INDUSTRIAL APPLICABILITY According to the present invention, epidermal growth factor (EGF: epidermal growth factor), which has been isolated and purified from living tissue, is a growth factor that acts at S phase in the cell cycle and promotes DNA synthesis.
owthfactor) and hepatocyte growt (HGF)
57 kilodalton which has a DNA synthesis promoting action similar to that of growth factors such as h factor) and has a DNA synthesis promoting effect even in a serum-free medium in a hepatocyte culture system and further has a cell survival maintaining effect. It is possible to provide a hepatoprotective agent for the improvement and prevention of liver dysfunction and the like by including the glycoprotein of No. 1 in foods and medicines, and foods and medicines suitable for the regeneration of hepatocytes, liver tissues and organs.
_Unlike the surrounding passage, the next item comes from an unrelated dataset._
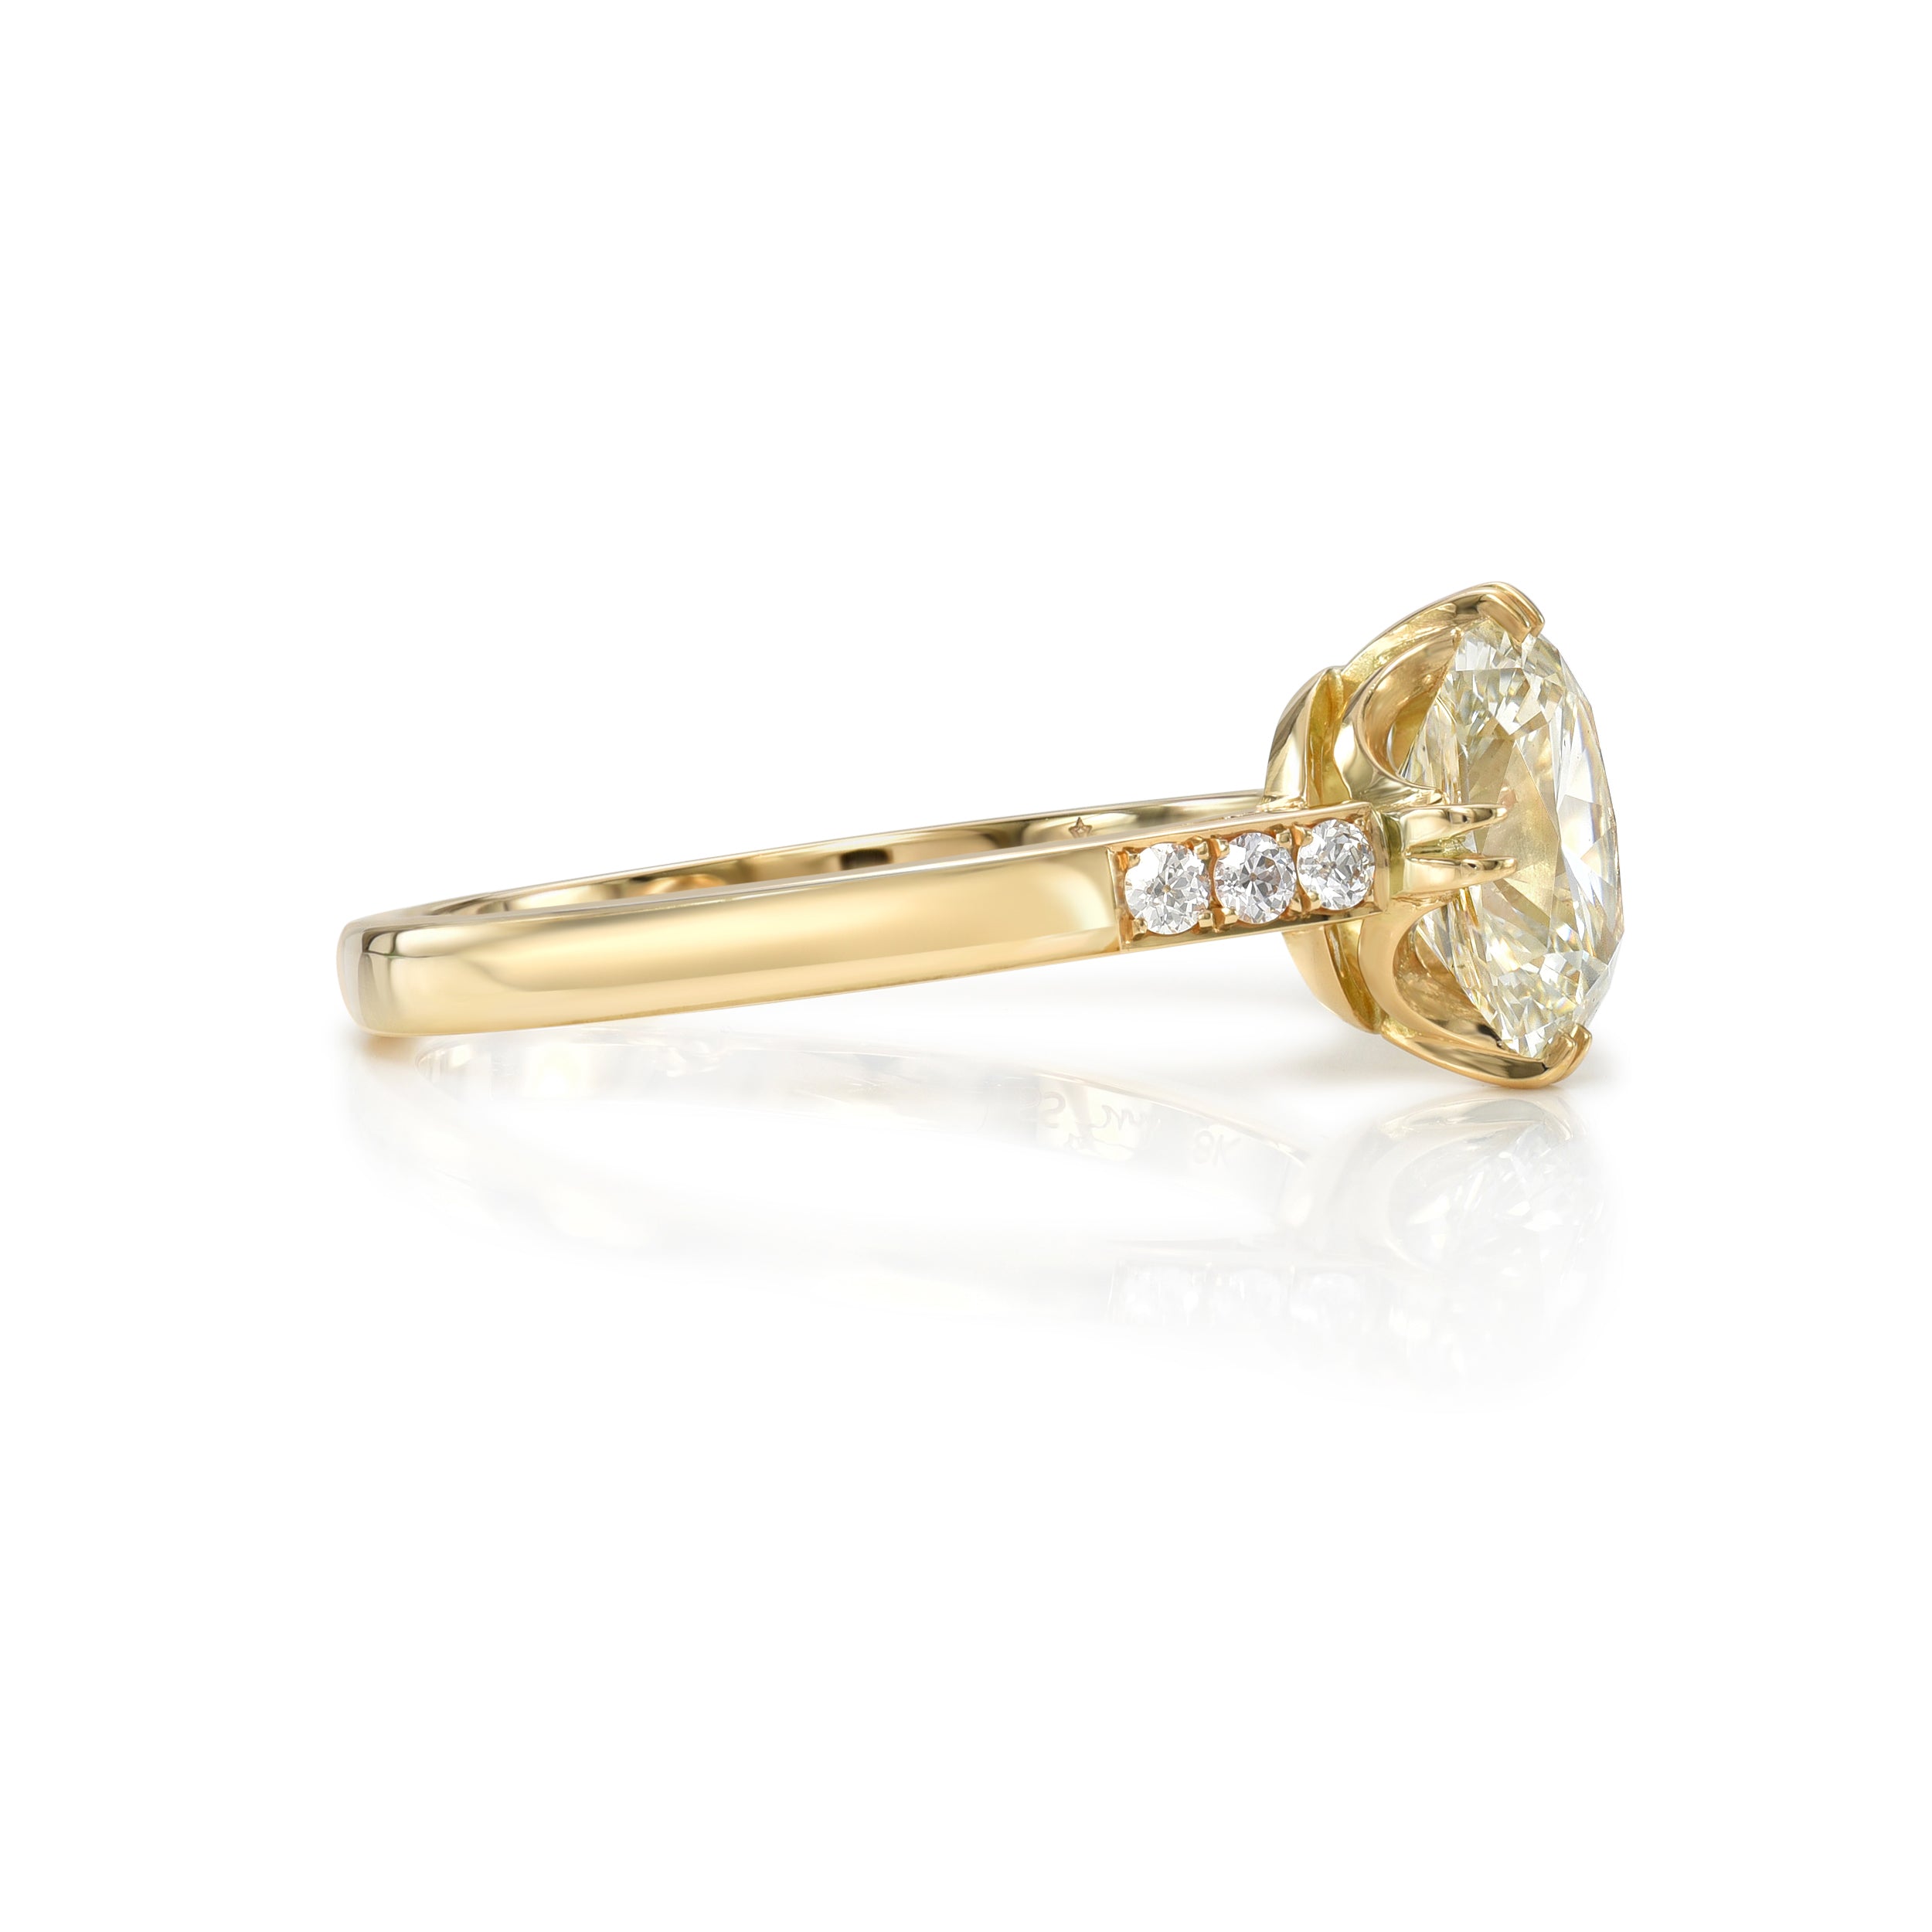 SINGLE STONE BAUER RING featuring 1.38ct L/VS2 GIA certified antique cushion cut diamond with 0.09ctw old European cut accent diamonds prong set in a handcrafted 18K yellow gold mounting.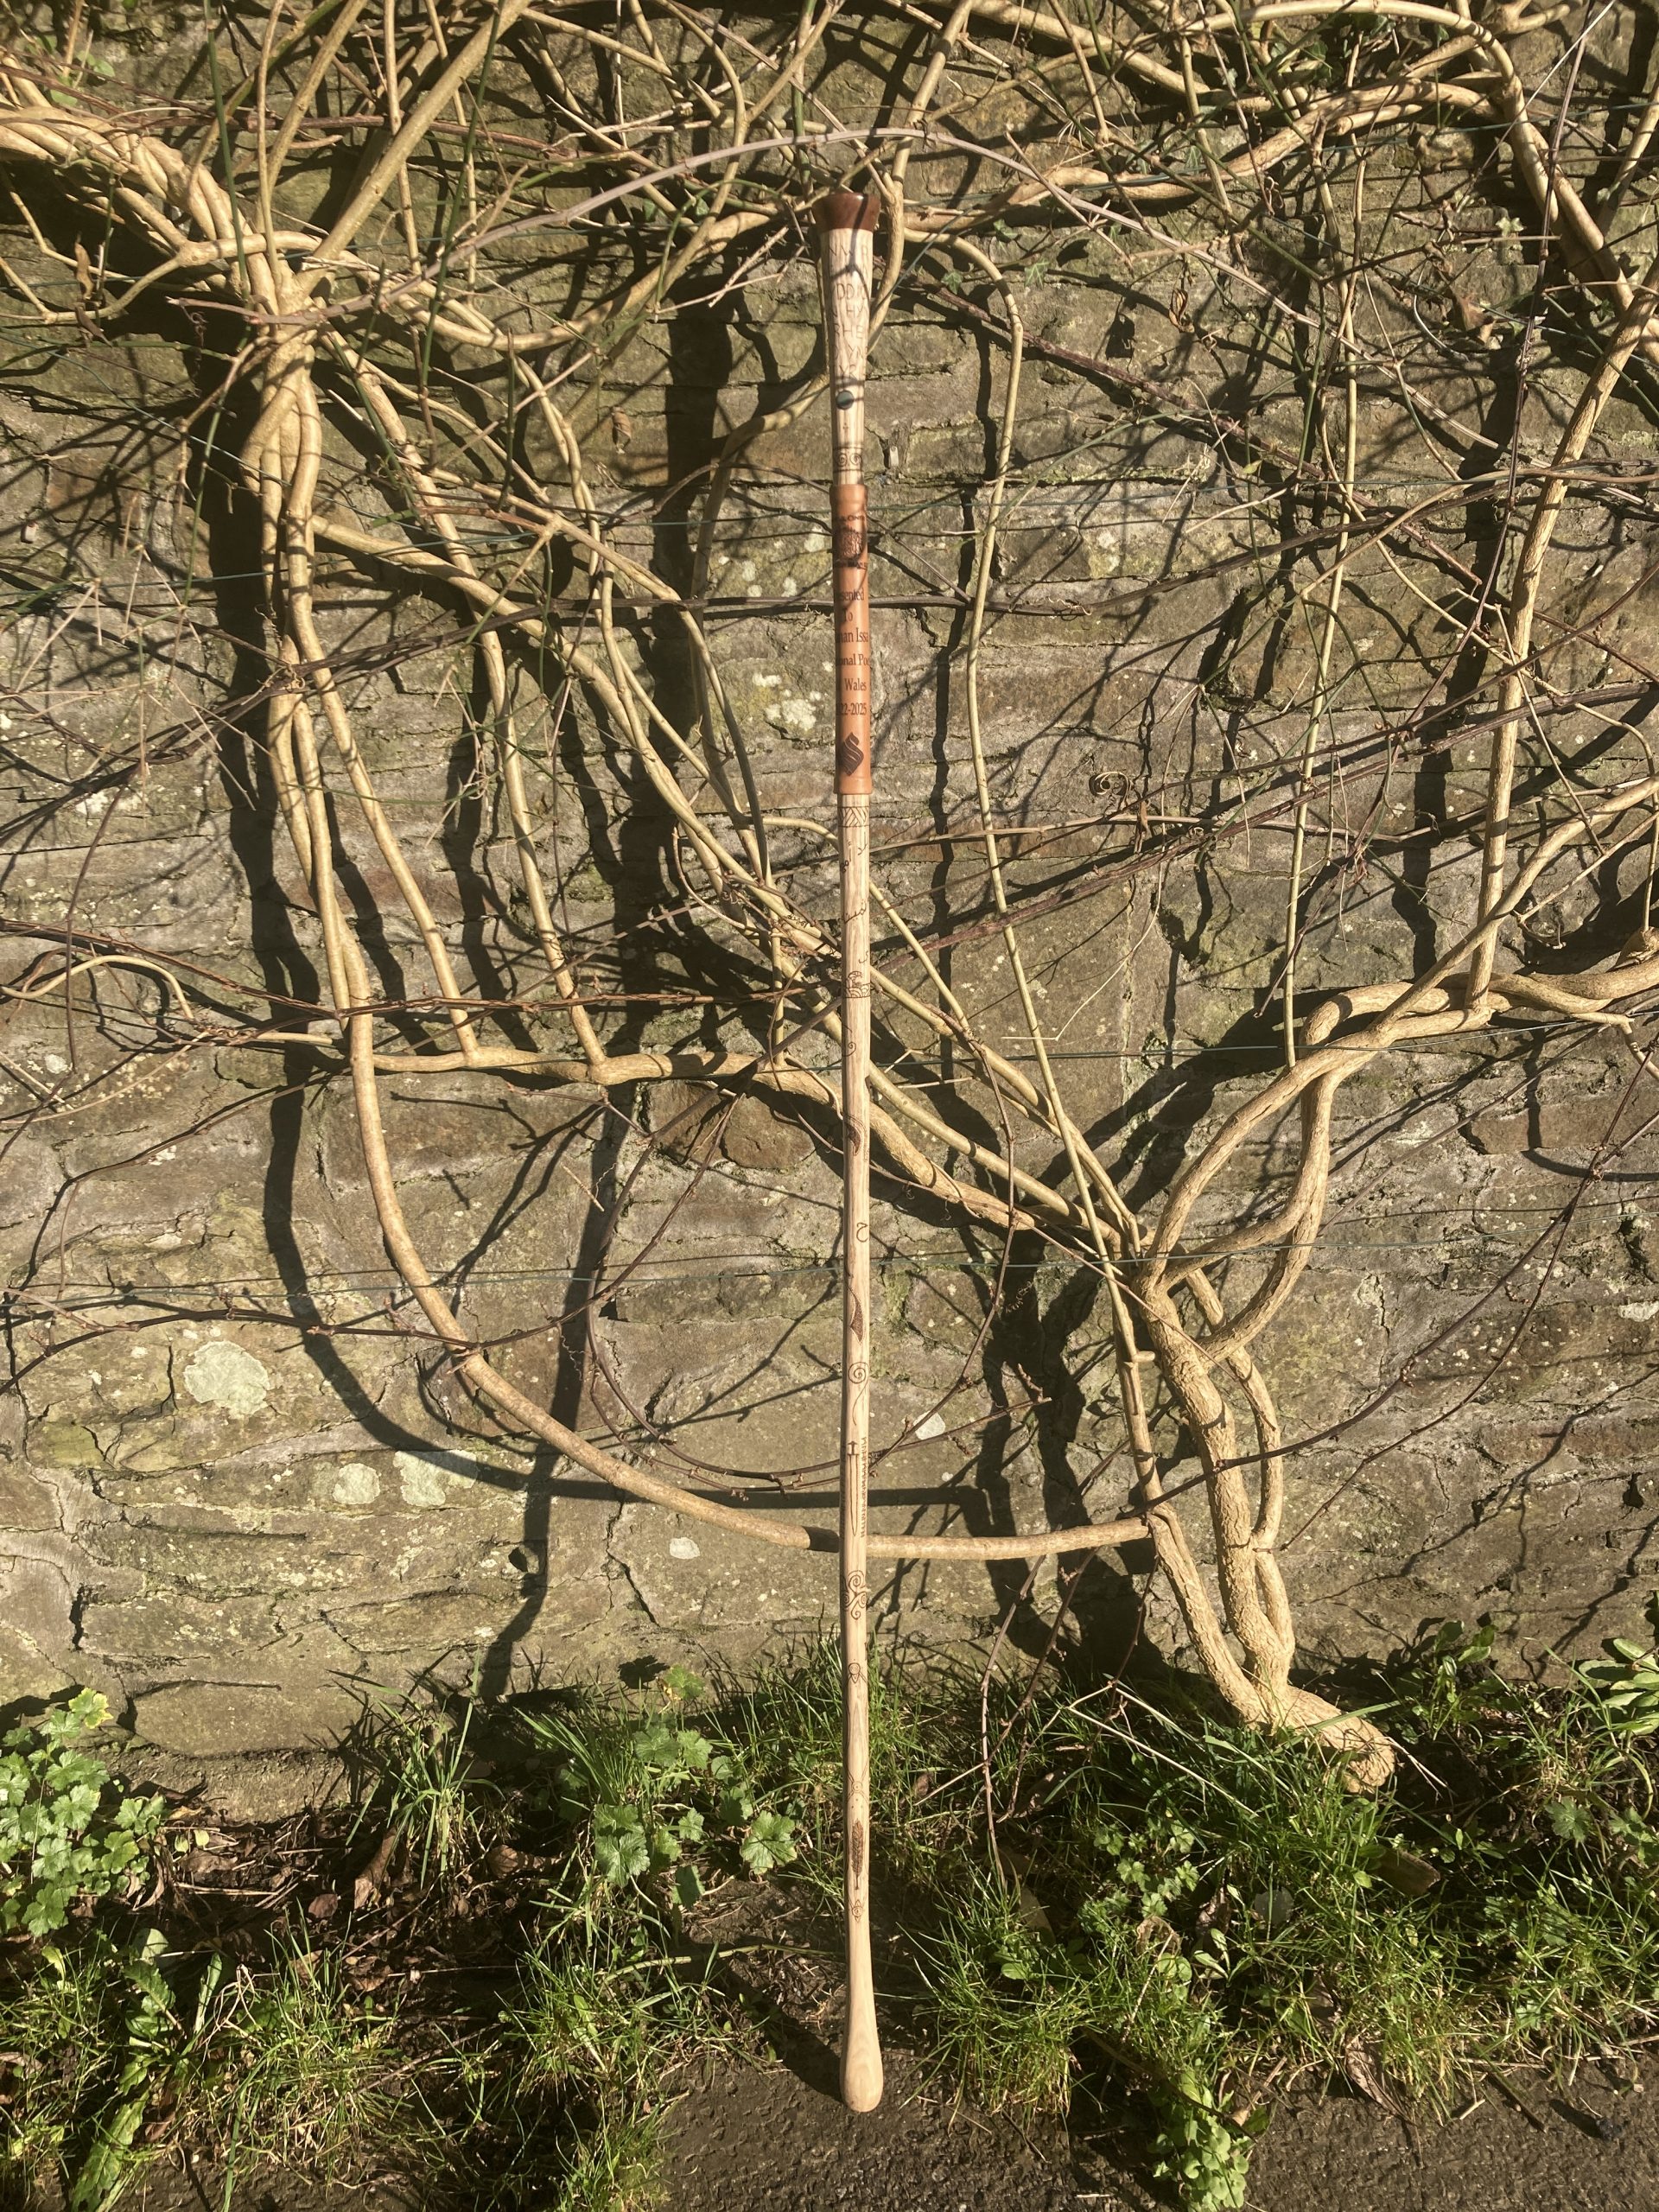 A carved and decorated staff leans against a bare tree climbing a stone wall.

I can.

[0028]

[Sequence list]                       SEQUENCE LISTING &#60; 110 &#62; Pola Chemical Industry Co., Ltd. &#60; 120 &#62; DNA synthesis promoter &#60; 130 &#62; P2001085 &#60; 140 &#62; &#60; 141 &#62; 2001-10-04 &#60; 160 &#62; 1 &#60; 170 &#62; PatentIn Ver.2.0

[0029] &#60; 210 &#62; 1 &#60; 211 &#62; 25 &#60; 212 &#62; PRT &#60; 213 &#62; Apis mellifera &#60; 220 &#62; &#60; 221 &#62; UNSURE &#60; 222 &#62; (24) &#60; 223 &#62; Xaa = unknown &#60; 400 &#62; 1 Asn Ile Leu Arg Gly Glu Ser Leu Leu Lys Lys Leu Pro Ile Leu His  1 2 10 10 Glu Met Lys Phe Phe Asp Tyr Xaa Asp              20 25

─────────────────────────────────────────────────── ─── Continuation of front page (51) Int.Cl. ⁷ Identification code FI theme code (reference) C07K 14/435 A61K 37/02 F term (reference) 4B018 LB10 LE01 MD20 MD76 ME02 ME14 MF01 4C084 AA02 BA01 BA07 BA22 CA49 ZA75 ZB22 4C087 BB22 CA16 CA44 ZA75 ZB22 4H045 AA10 AA30 BA18 CA51 EA01 EA27 FA71 GA10 GA22 GA23 HA06

Claims (6)

[Claims] 1. A DNA synthesis promoter comprising royal jelly. 2. The DNA synthesis promoter according to claim 1, wherein the royal jelly contains 9% by weight or more of a protein shown below. 1) Non-denaturing polyacrylamide gel of proteins in royal jelly forms a single band in electrophoretic migration. 2) The molecular weight measured by SDS-polyacrylamide gel electrophoresis under reducing conditions is about 57 kilodaltons. 3) Includes the amino acid sequences of amino acid numbers 1 to 8 in Sequence Formula 1. 3. The DNA synthesis promoter according to claim 1 or 2, wherein the promotion of DNA synthesis is judged by the incorporation of tritium-labeled thymidine into hepatocytes by the 57-kilodalton protein. 4. The D according to claim 1, wherein the promotion of DNA synthesis is the promotion of DNA synthesis in hepatocytes.
NA synthesis promoter. 5. The DN according to any one of claims 1 to 4.
A composition for hepatocyte / liver tissue / liver protection and / or liver organ regeneration, which comprises an A synthesis promoter. 6. The composition according to claim 5, which is a medicine or food.